Segment: [00:29–04:29]
"The shutdown was a big factor, negative for the Republicans. And they say that I wasn't on the ballot was the biggest factor. But I don't know about that. But I was honored that they said that." – Donald Trump [02:04]
"If something has changed, it’s not immediately evident… Republicans and Democrats seem equally dug in." – Emily Wilkins [03:55]
Segment: [04:29–07:43]
"These are regulatory tariffs. They are not revenue raising tariffs. The fact that they raise revenue is only incidental." – John Sauer (paraphrased by Eamonn Javers) [05:10]
"Congress, as a practical matter can't get this power back once it's handed it over the President. It's a one way ratchet toward the gradual but continual accretion of power in the executive branch and away from the people's elected representatives." – Neil Gorsuch [05:37]
Segment: [08:00–13:00]
"If we do get a pullback, I think it's going to be rather normal... 5 to 10% is probably likely." – Larry Adam [10:34]
"The best fundamentals are in those mega cap tech names. Their earnings are expected to grow 19% this quarter versus 3% for the rest of the market." – Larry Adam [12:07]
Segment: [15:23–19:05]
"They don’t have the steam that they had last year... it’s just that they don’t have the vigor or frequency they did last year." – Kava CEO Brett Shulman (quoted by Kate Rogers) [15:53]
"QSR traffic for lower income customers declined nearly double digits across the sector while upper income consumer traffic increased nearly double digits." – McDonald’s CEO Chris Kempczinski (quoted by Kate Rogers) [16:38]
Segment: [19:05–21:40]
"There are places in fast food that are insulated. Restaurant stocks have underperformed… but there have been some bright spots.” – Greg Frankfort [19:59]
Segment: [33:08–36:21]
"Maybe the million people that voted him won’t realize that socialism’s never worked anywhere on the planet Earth… Especially what we’ll watch is safety and security. If people feel like their kids aren’t safe, they will leave." – Barry Sternlicht [33:27]
"The core issues are not what he's focusing on. We need to increase housing. That's not going to happen easily. ... I think the city's in for a really tough time." – Barry Sternlicht [34:43]
Segments: Throughout (22:30–32:00, 36:30–39:32)
"Investors wanted proof that those big AI deals are starting to pay off… the street is left to contend with two big holes: China and AI." – Mackenzie Sagalos [37:46]
Segment: [39:32–45:00]
“Pet owners are willing to spend… veterinarians are giving more puppies Credelio Quattro because of what they see in the drug.” – Jeff Simmons [41:10]
"Congress, as a practical matter can't get this power back once it's handed it over... It’s a one way ratchet toward the gradual but continual accretion of power in the executive branch."
— Justice Neil Gorsuch on executive tariff power [05:35]
"We have a big office here ourselves and… for the first time, the team in New York is saying maybe we should leave."
— Barry Sternlicht on NYC business climate under incoming mayor [33:58]
"Pullbacks have become shallower over the course of the last few years… the biggest drawdown since April has been just under 3%."
— Larry Adam on market resilience [10:34]

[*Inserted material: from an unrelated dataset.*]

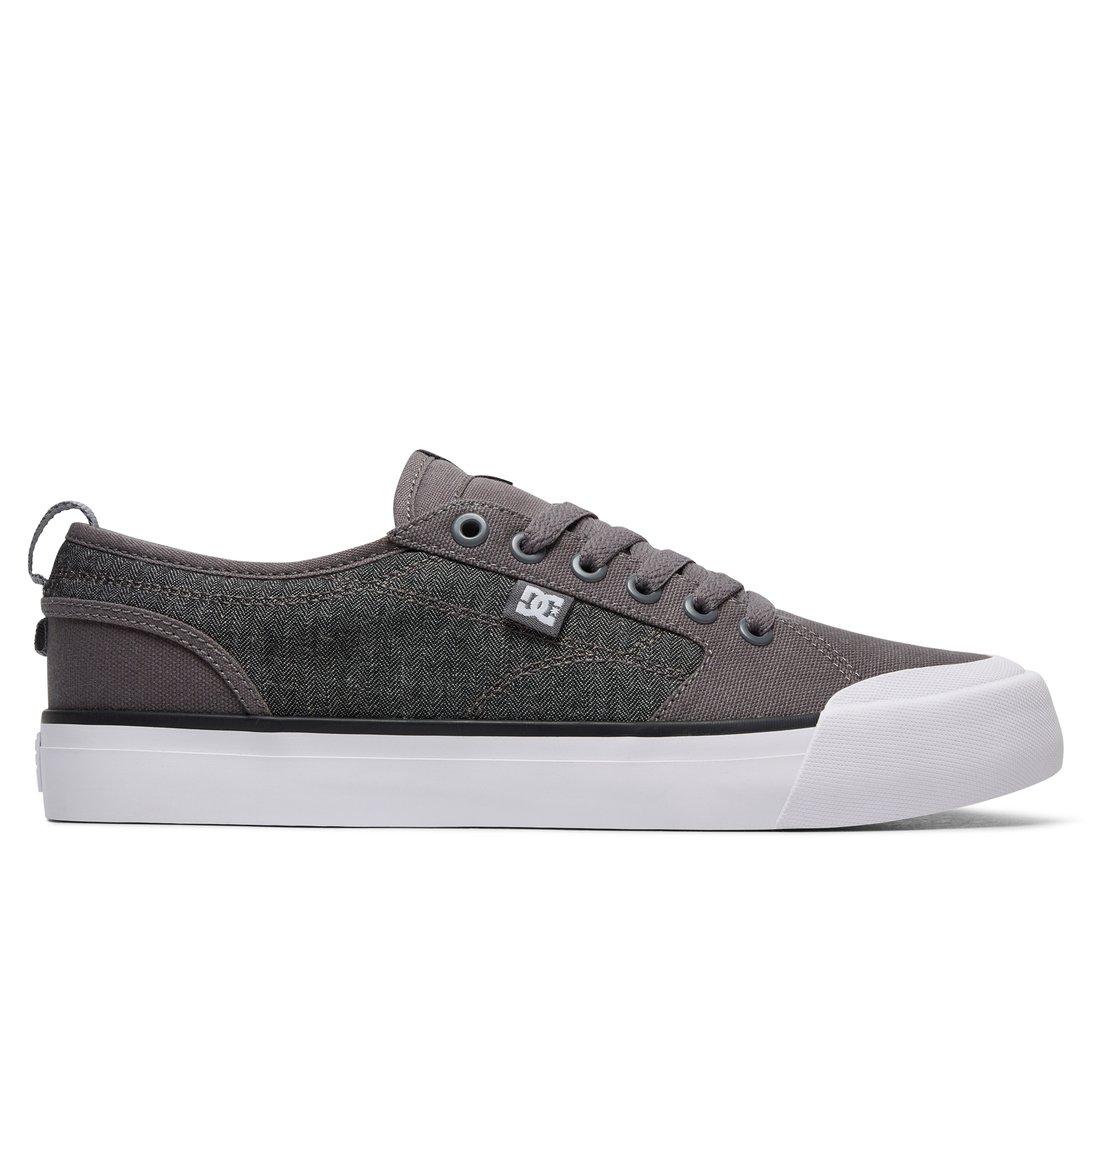 DC Shoes Evan Smith TX - Shoes - Zapatillas - Hombre - EU 46

"Consumers are just being really choosy right now about where they want to go out and spend their money because the economy, the economy is feeling a little bit more uncertain."
— Kate Rogers on fast casual/restaurant sector [16:51]

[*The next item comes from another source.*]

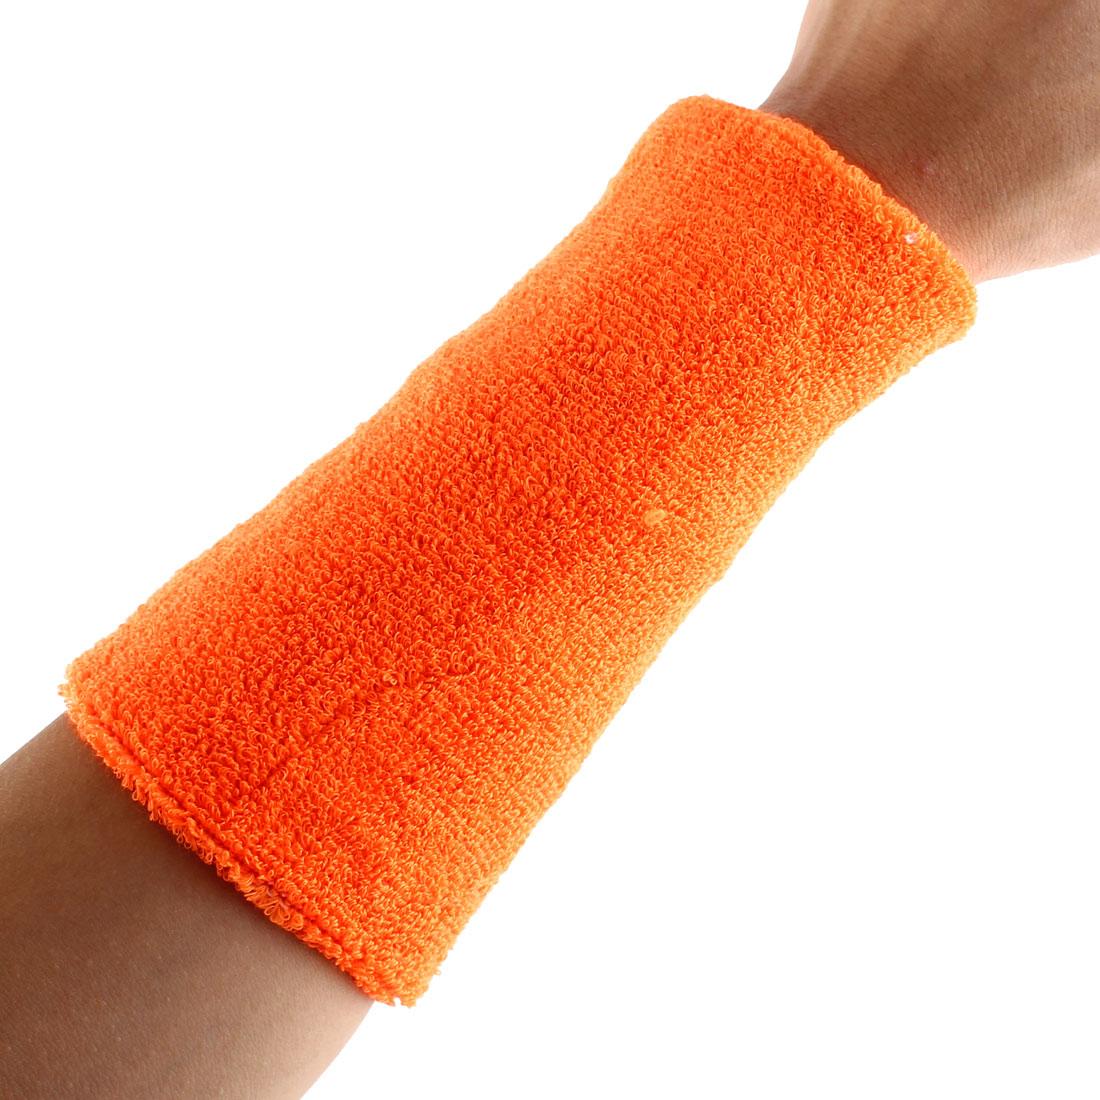 Exercises Basketball Running Hand Support Bandage Sweatband Wristband Sport Wrist Orange 15cm Long 2pcs

This episode delivers a comprehensive look at the immediate economic and business impacts of the nation's longest-ever government shutdown, the ongoing uncertainties related to international trade and regulatory power, and the shifting dynamics affecting American consumer sectors—from fast-casual restaurants to tech stocks and the office real estate market.
Big-picture political gridlock is seen translating into choppier market dynamics and growing caution among both consumers and corporations. The stakes for cities like New York are highlighted through frank commentary from business leaders openly reconsidering their presence under shifting local leadership.
Despite macro turbulence, pockets of investor and executive optimism remain—particularly in innovation-driven sectors like animal health and select tech verticals—while fast-casual dining faces stark consumer headwinds in an era of heightened economic selectivity.